Dataset section:
=== Begin Enclosure ===

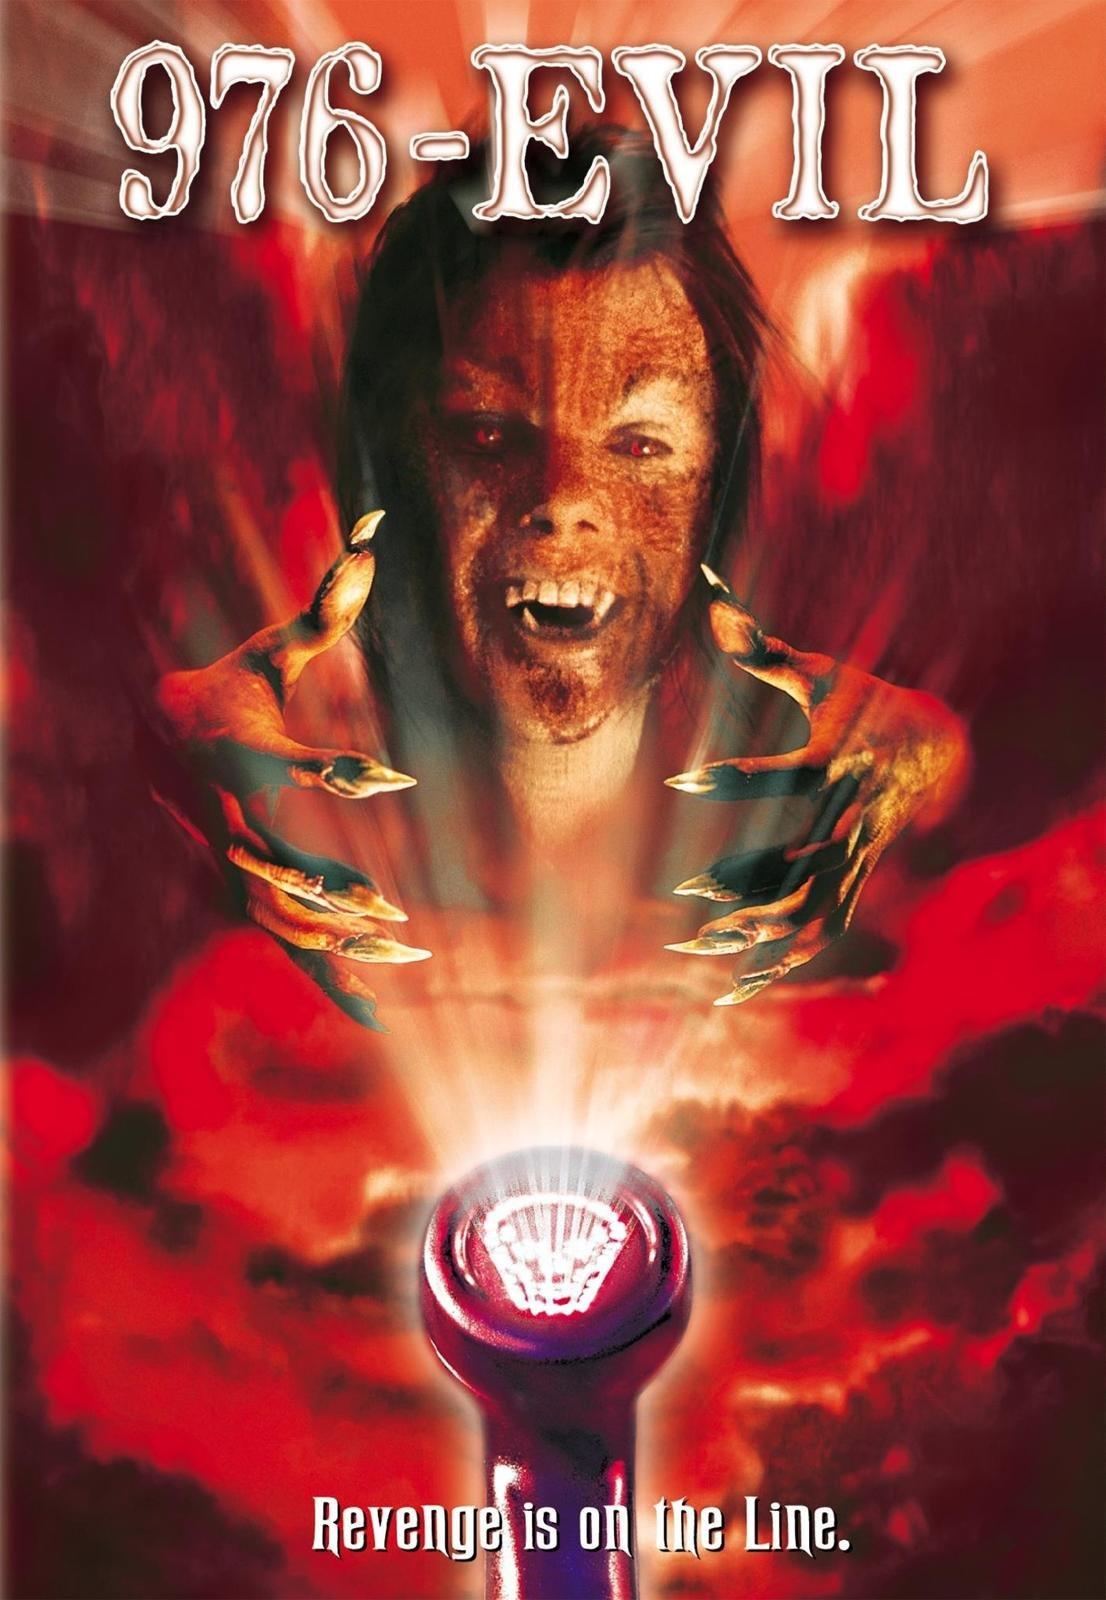 Watch 976 Evil Prime Video 976-EVIL
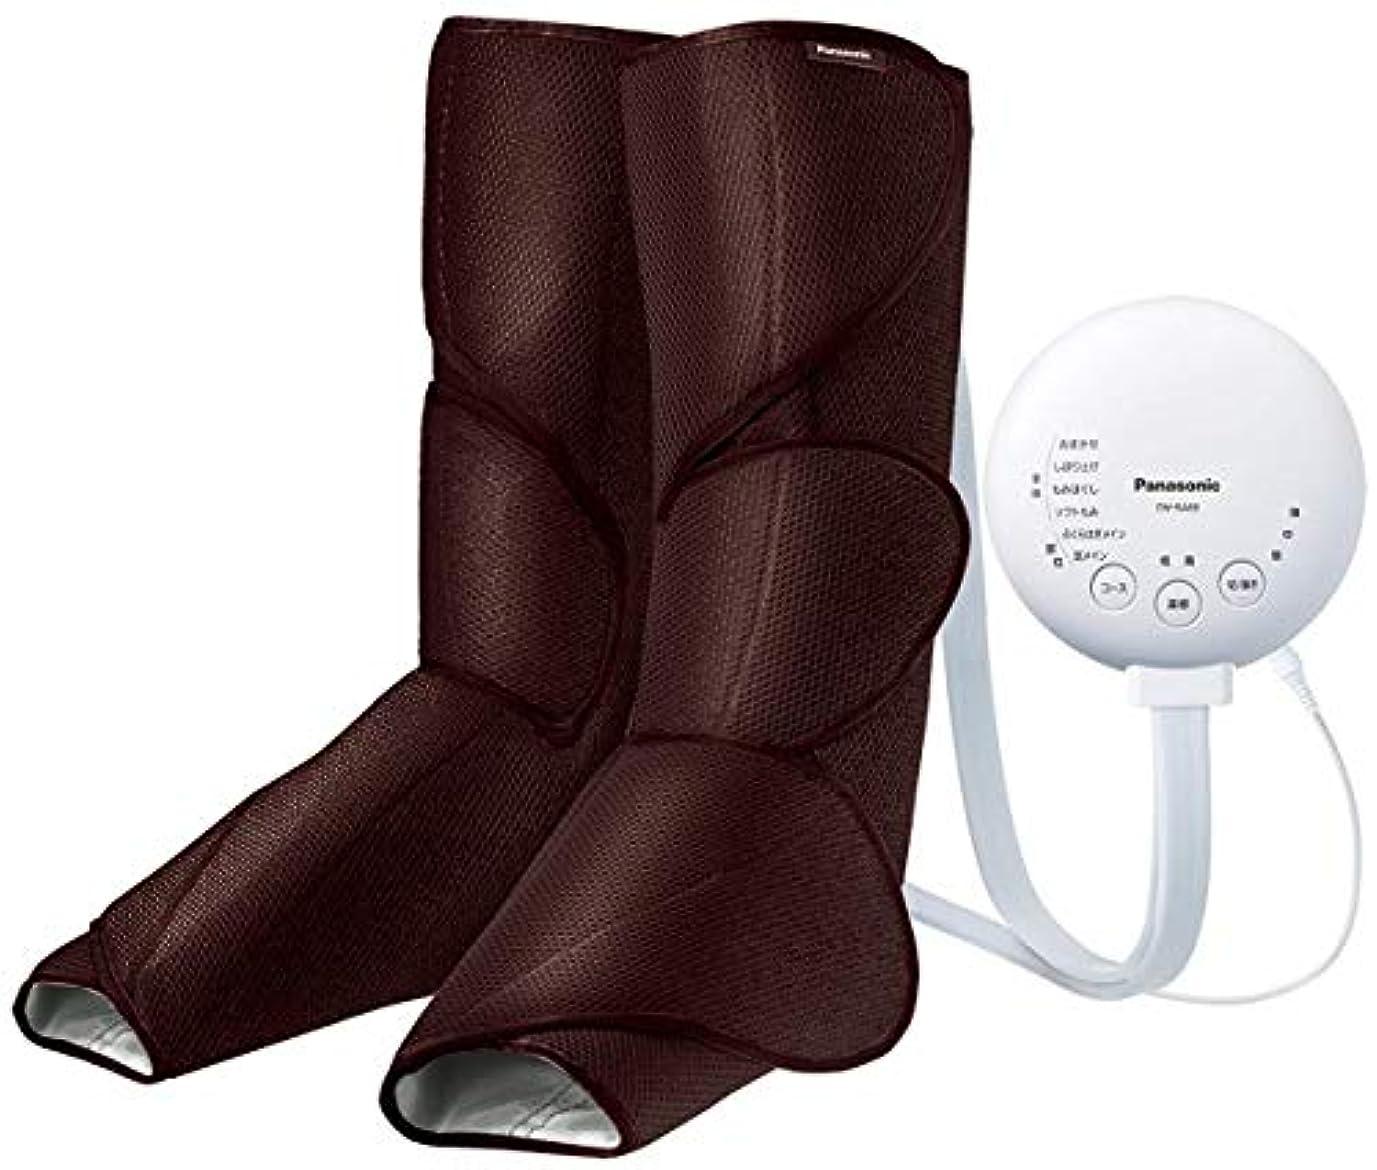 偉業アプローチ寝室パナソニック エアーマッサージャー レッグリフレ 温感機能搭載 ダークブラウン EW-RA88-T
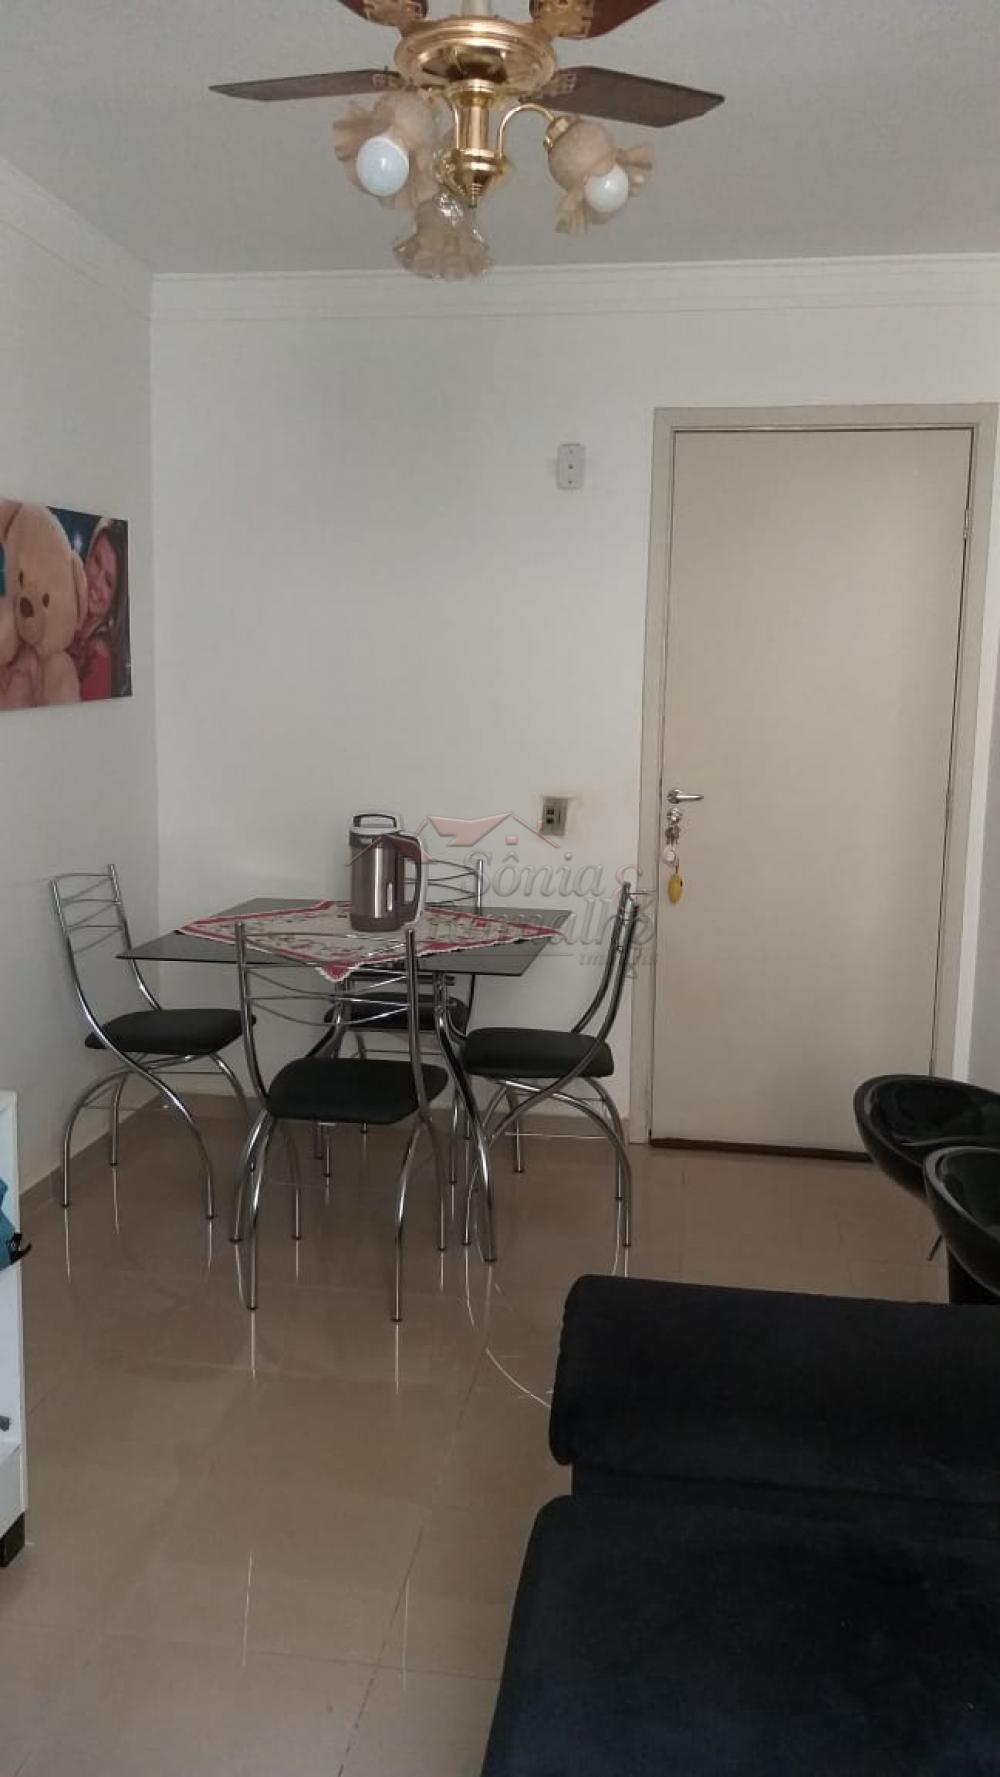 Comprar Apartamentos / Padrão em Ribeirão Preto apenas R$ 175.000,00 - Foto 3

=== End Enclosure ===

Work to complete: An exact, picture-free copy of the listing above is the goal; write it out now.

Exercise answer:
 Watch 976 Evil Prime Video 976-EVIL
 偉業アプローチ寝室パナソニック エアーマッサージャー レッグリフレ 温感機能搭載 ダークブラウン EW-RA88-T
 Comprar Apartamentos / Padrão em Ribeirão Preto apenas R$ 175.000,00 - Foto 3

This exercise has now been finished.